When a conversion to a defined contribution approach is coupled with a plan redesign, additional savings are possible through the shifting of costs to employees. For example, the employer may require employees to contribute a larger percentage of the health insurance premiums. Even if the employer does not reduce its overall commitment, it will realize a savings of payroll taxes.

Once conversion to a defined contribution approach is adopted, another common savings strategy is for the employer to limit its portion of cost increases in subsequent years, resulting in a gradual shifting of costs to employees. This works ideally in those cases where the employee has been given a choice of health plans, a low-deductible or HMO vs. a high-deductible health plan. If, as is feared by those who oppose defined contribution health plans, this results in health costs staying low for the healthy, high-deductible group and increasing for the HMO or low-deductible group, the desired result will have been achieved: those who cost the employer more will gradually pay more for their coverage, while those who don’t utilize will accumulate funds in their HRA to offset eventual post-retirement healthcare costs.

Ultimately, this will result in a new equilibrium of costs and a more efficient health care financing and delivery model. The model will result in some employers driving away unhealthy employees who discover that they are paying double what they might have to pay for health insurance at another job. And it will result an employer’s group converting from average health to well-above average health over a period of 5-10 years.

This works especially well if provided in connection with the employer’s self-funded health plan, for 2 reasons:

1. Depending on the results of the nondiscrimination tests required under Section 105 of the Internal Revenue Code, it may be possible to provide an extra HRA contribution for employees who are Highly-Compensated individuals.

2. It is a lot easier for the employer to customize the deductible levels to its own philosophy and utilization history, and to offer multiple plans to employees.

Physicians who are experts in disease prevention advise us that the greatest single indicator of whether or not an individual will incur health care costs within the next year is the answer to these questions: Do you expect to go to the doctor in the next year?

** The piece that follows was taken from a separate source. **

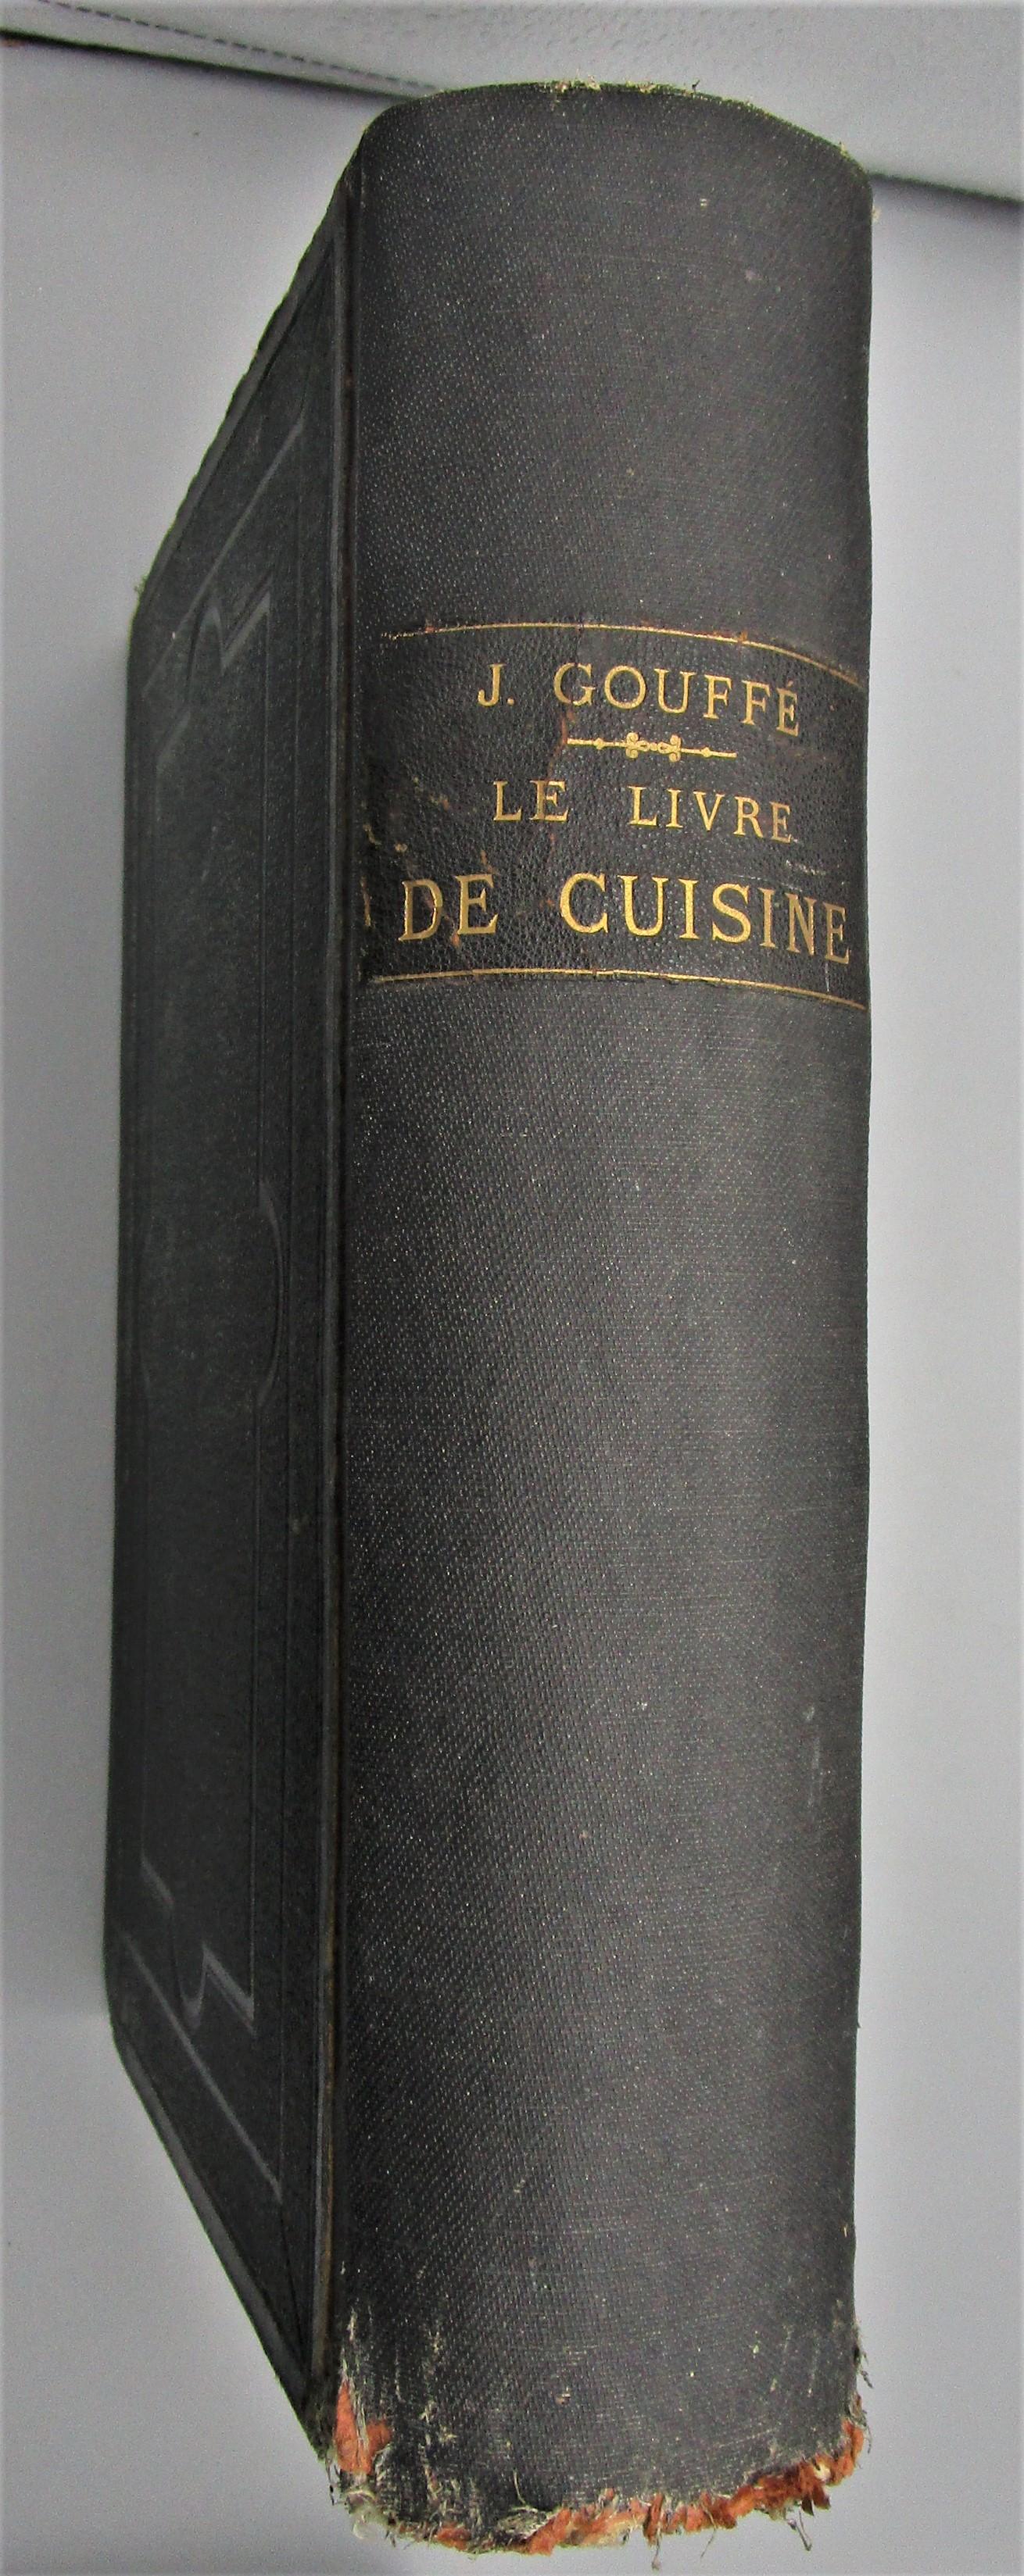 LE LIVRE DE CUISINE, by Jules Gouffe - 1867 [1st Ed]

And if yes, for what?

For that reason requiring health risk assessments for employees is a very sensible approach. Nobody knows better than the individual what is likely to be wrong. The health risk assessment consists of a checkup and answering a questionnaire.

In our prior article we noted the dangers of an unfunded HRA. The use of notational or phantom accounts puts the employer and the sponsor of the health plan at legal risk, and the employees at risk of losing funds promised to them. Therefore, we believe in a model that includes holding the HRA funds in a trust account subject to investment direction by employees.

Under a consumer-driven health plan, coverage such as dental, vision and prescription coverage are optional. The employer simply contributes the same amount as previously, and the employee is given the choice of which coverages he or she desires to take. And, for employees who are concerned that they may not be able to afford the cost of an accident or hospitalization, an optional accident or hospitalization plan may also be offered.

While we acknowledge that this approach is not simple, the underlying concept is: Empowering employees with the tools and incentives to make wiser choices will have two beneficial effects: (1) employees will become informed healthcare consumers, and (2) they will gradually become healthier, or at least pay a larger share of the cost of the employer’s health plan.